++++ Input data

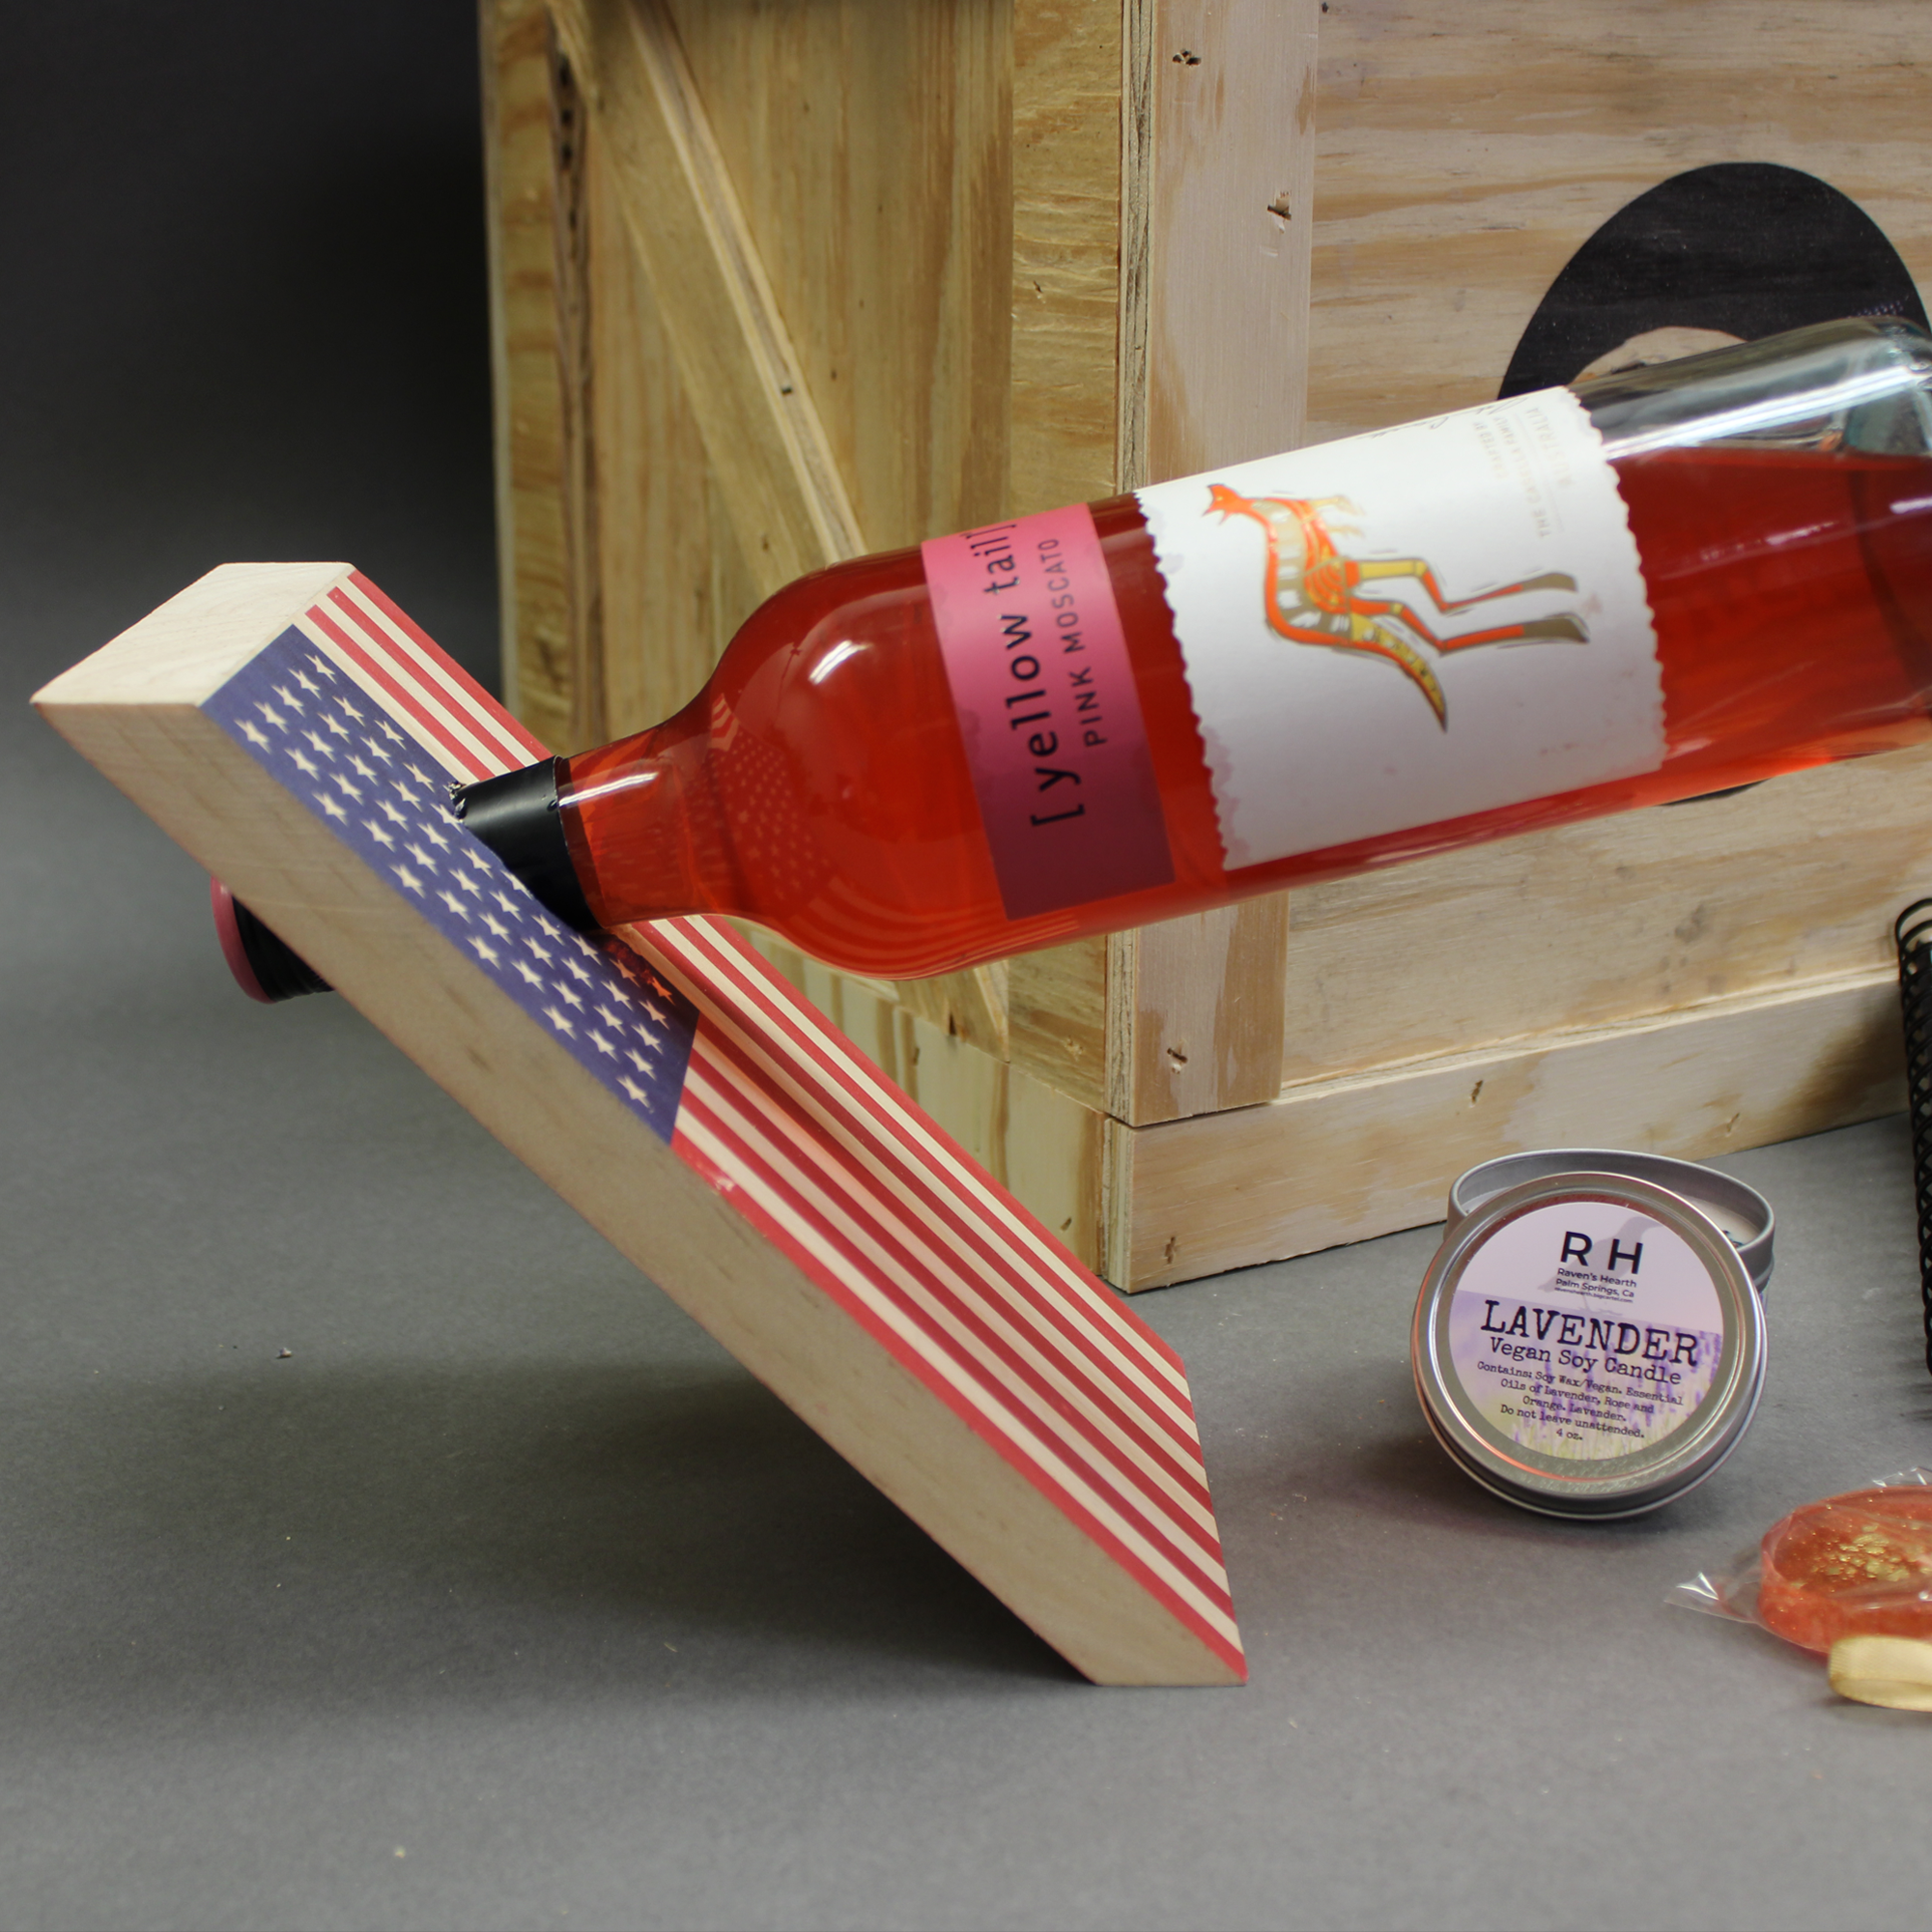 "Wine About It" Crate
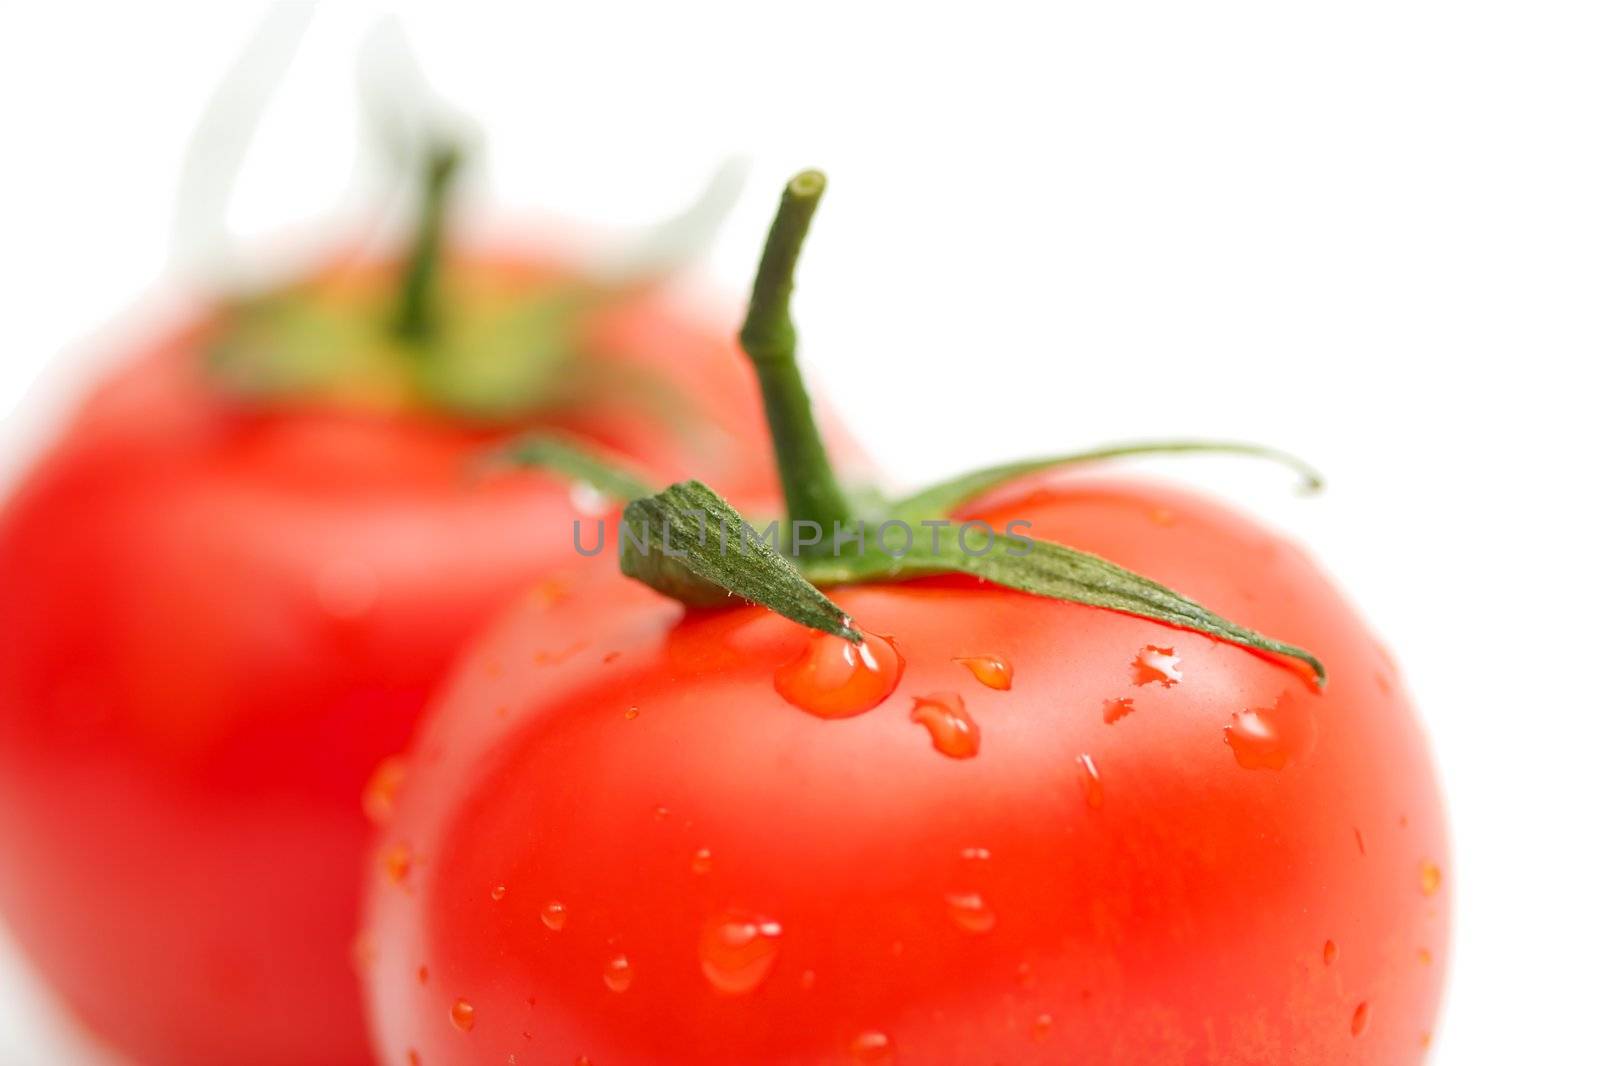 Two perfect red tomatoes on white background
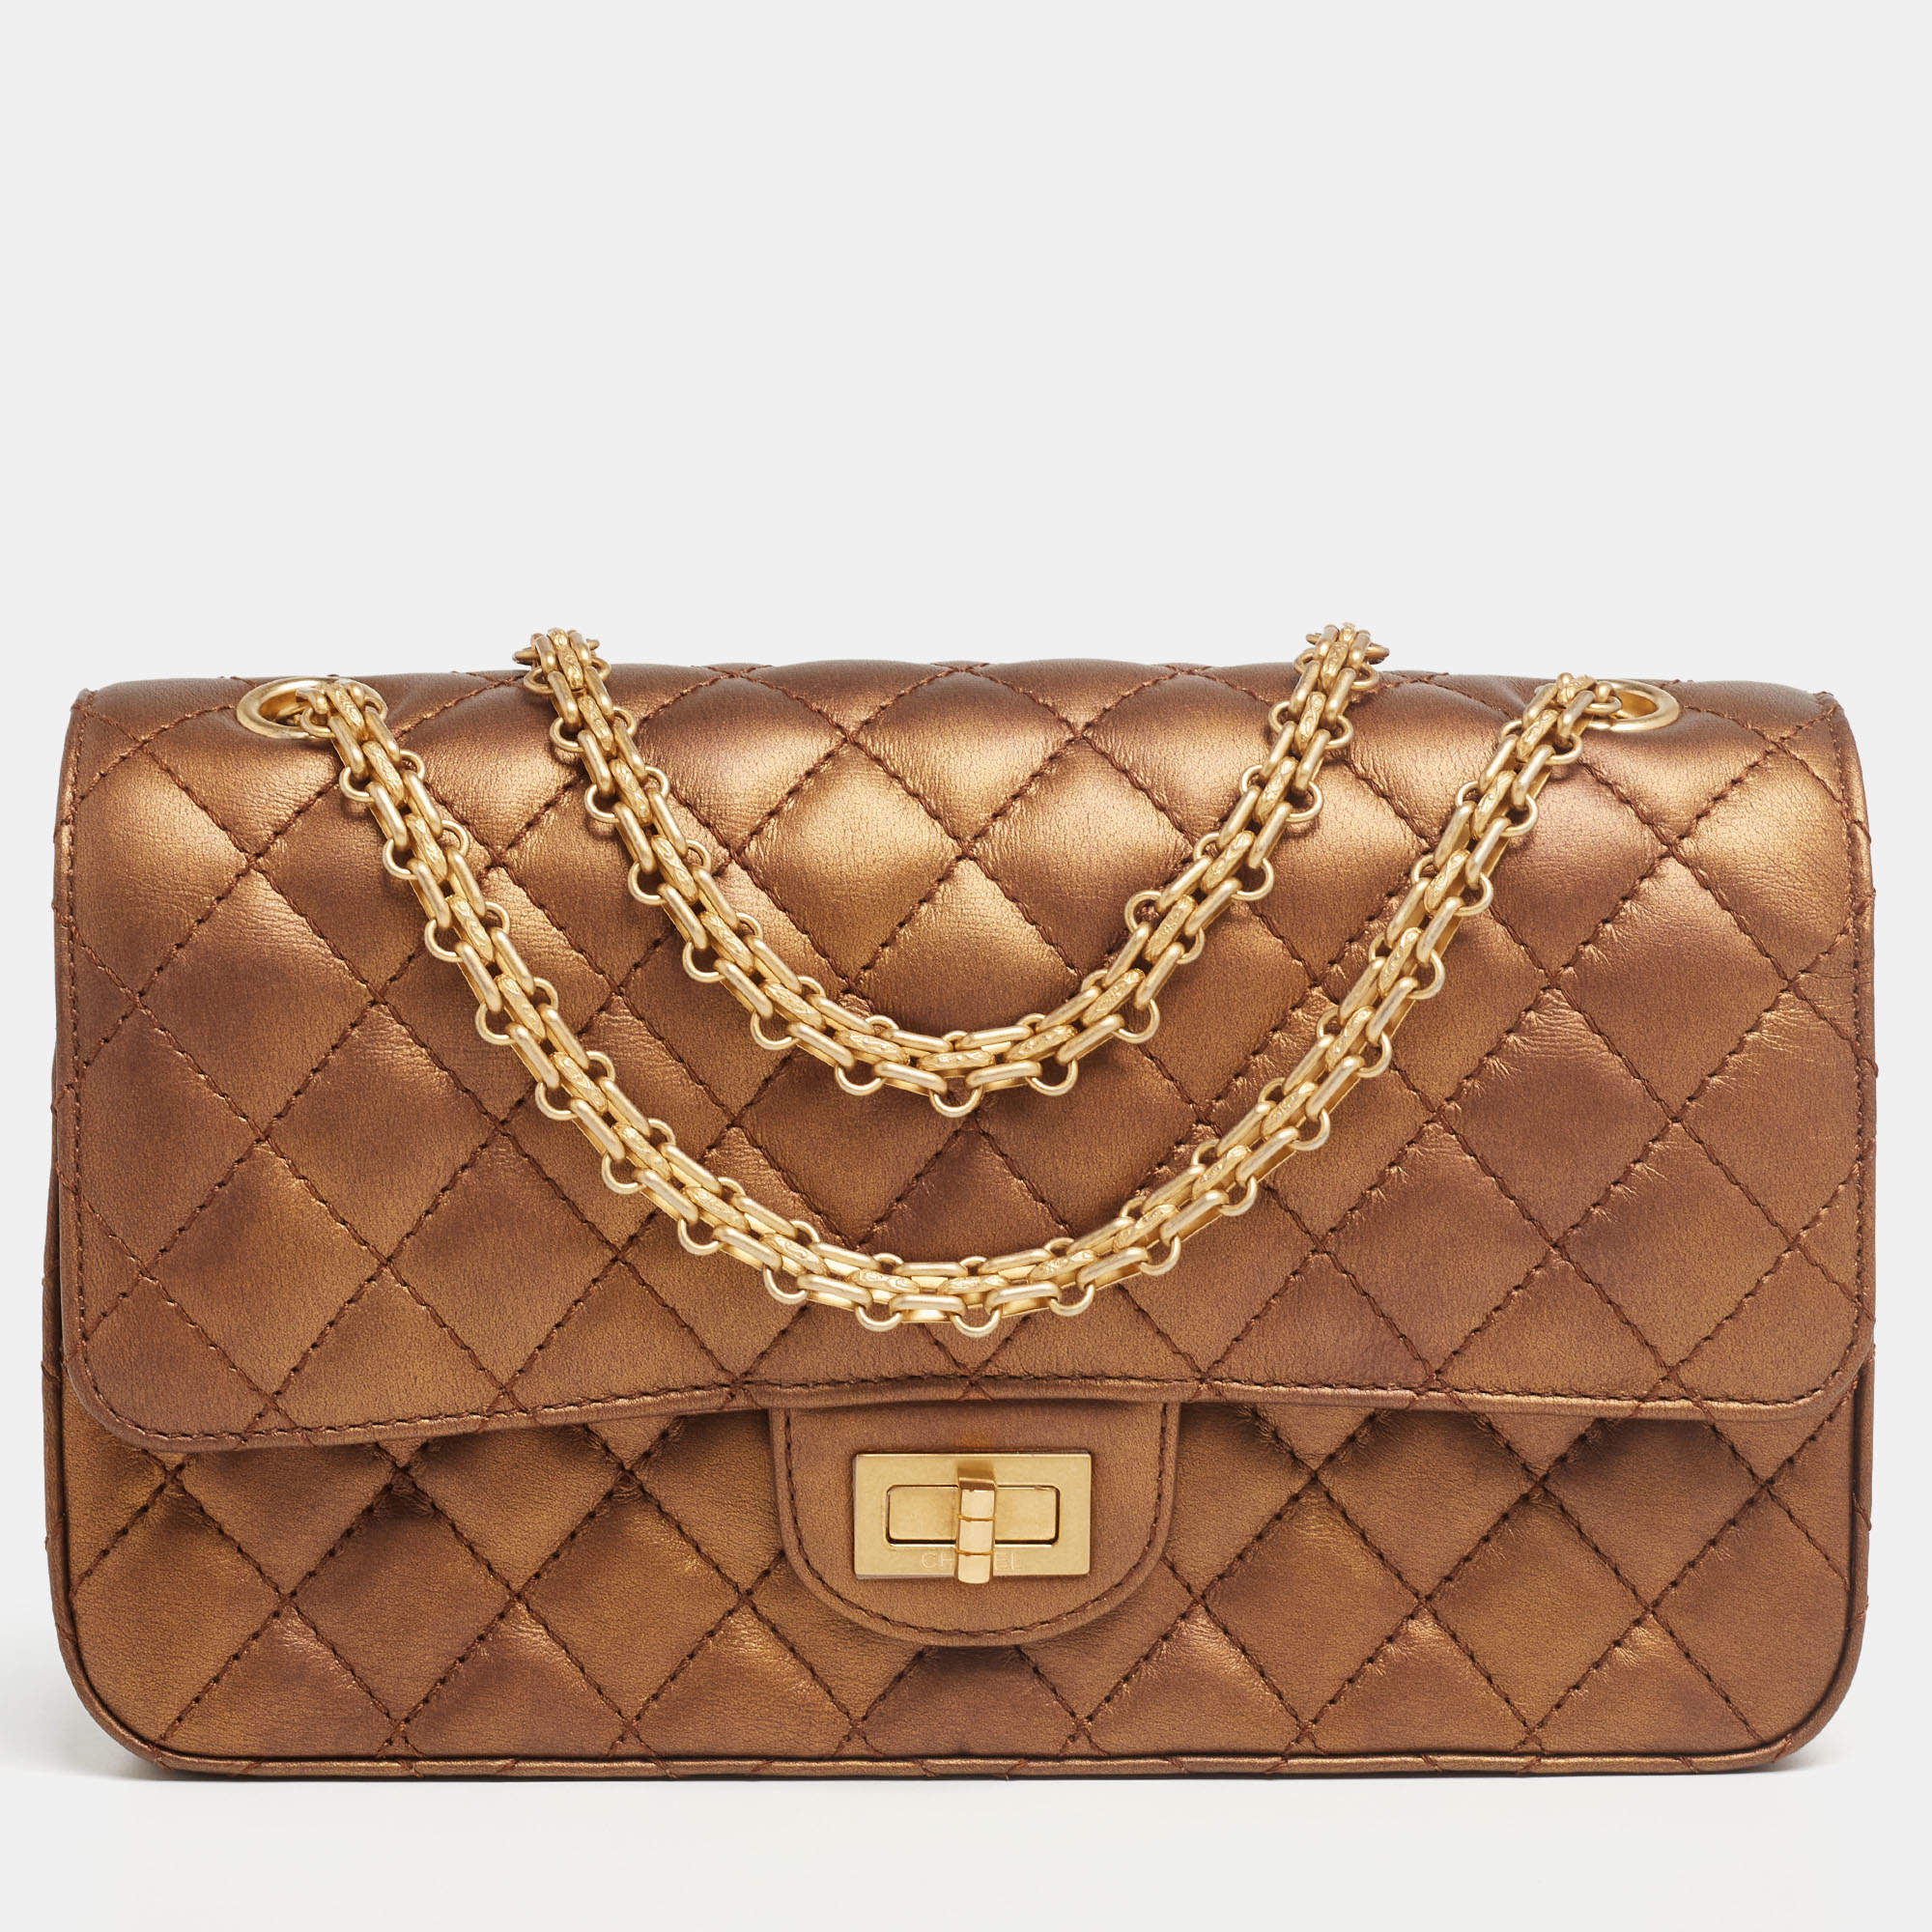 Chanel Metallic Bronze Quilted Leather  Reissue Classic 225 Flap Bag  Chanel | TLC

++++++++

Problem to solve: Please return the full listing exactly as given, with the images left out.

Answer section:
 "Wine About It" Crate
 Two perfect red tomatoes on white background
 Chanel Metallic Bronze Quilted Leather  Reissue Classic 225 Flap Bag  Chanel | TLC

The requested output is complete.